Intravesical hyaluronic acid and chondroitin sulfate for recurrent urinary tract infections: systematic review and meta-analysis.

作者信息

Goddard Jonathan Charles, Janssen Dick A W

机构信息

Department of Urology, Leicester General Hospital, Leicester, UK.

Department of Urology, Radboud University Medical Center, Geert Grootteplein Zuid 10, 6525, Nijmegen, GA, Netherlands.

出版信息

Int Urogynecol J. 2018 Jul;29(7):933-942. doi: 10.1007/s00192-017-3508-z. Epub 2017 Nov 27.

Abstract

INTRODUCTION AND HYPOTHESIS

The objective was to assess the efficacy of intravesical hyaluronic acid (HA) and chondroitin sulfate (CS), alone or in combination, for recurrent urinary tract infections (RUTIs) in adult female patients using a systematic review and meta-analysis.

METHODS

English-language articles were obtained from the MEDLINE, Embase, and Cochrane databases through November 2016, by manual searching and cross-referencing. Randomized and nonrandomized trials of adult female patients with a documented history of RUTIs who received HA, CS or HA plus CS were included. The random effects model was applied to all pooled analyses. Risk of bias was assessed for individual studies and across studies.

RESULTS

Two randomized (n = 85) and six nonrandomized (n = 715) studies met the inclusion criteria. These studies assessed HA ± CS; studies of CS alone were not identified in the search.

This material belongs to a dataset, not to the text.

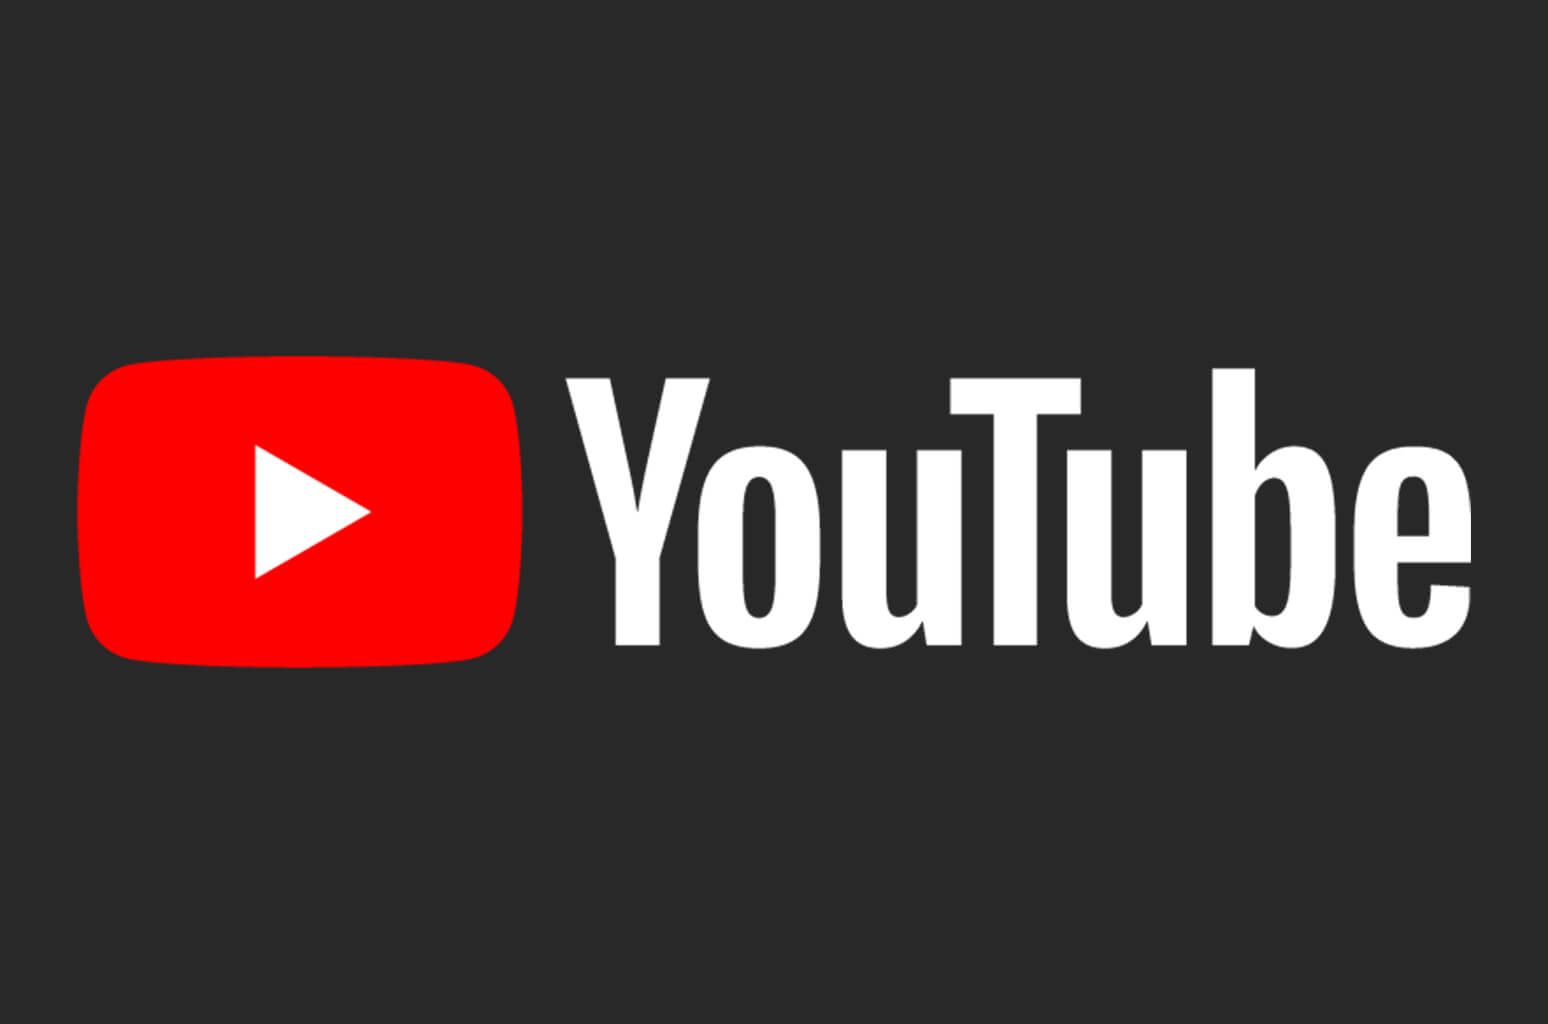 YouTube's new feature to warn users before they post toxic comments

HA ± CS decreased the UTI rate per patient-year (pooled mean difference [MD] -2.56; 95% confidence interval [CI] -3.86, -1.26; p < 0.001) and increased the time to first UTI recurrence (pooled MD 130.05 days; 95% CI 5.84, 254.26; p = 0.04). There was heterogeneity in most outcomes considered, and publication bias in many studies. The standard of trial reporting was low. The patient population size, and the number of studies included, were small.

CONCLUSIONS

HA ± CS appears to reduce the rate of UTI and increase the time to recurrence in women with RUTI. As randomized controlled studies are available only for HA plus CS, the quality of evidence is higher for the combination than for HA alone.

摘要

引言与假设

目的是通过系统评价和荟萃分析,评估膀胱内注射透明质酸(HA)和硫酸软骨素(CS)单独或联合使用对成年女性复发性尿路感染(RUTI)的疗效。

方法

通过手工检索和交叉引用,从MEDLINE、Embase和Cochrane数据库中获取截至2016年11月的英文文章。纳入有RUTI病史记录的成年女性患者接受HA、CS或HA加CS的随机和非随机试验。所有汇总分析均采用随机效应模型。对单个研究和所有研究进行偏倚风险评估。

结果

两项随机试验(n = 85)和六项非随机试验(n = 715)符合纳入标准。这些研究评估了HA ± CS;检索中未发现单独使用CS的研究。HA ± CS降低了每位患者每年的UTI发生率(汇总平均差[MD] -2.56;95%置信区间[CI] -3.86,-1.26;p < 0.001),并延长了首次UTI复发时间(汇总MD 130.05天;95% CI 5.84,254.26;p = 0.04)。在大多数考虑的结局中存在异质性,许多研究存在发表偏倚。试验报告的标准较低。患者群体规模和纳入的研究数量较少。

结论

HA ± CS似乎可降低RUTI女性的UTI发生率并延长复发时间。由于仅存在HA加CS的随机对照研究,联合使用的证据质量高于单独使用HA。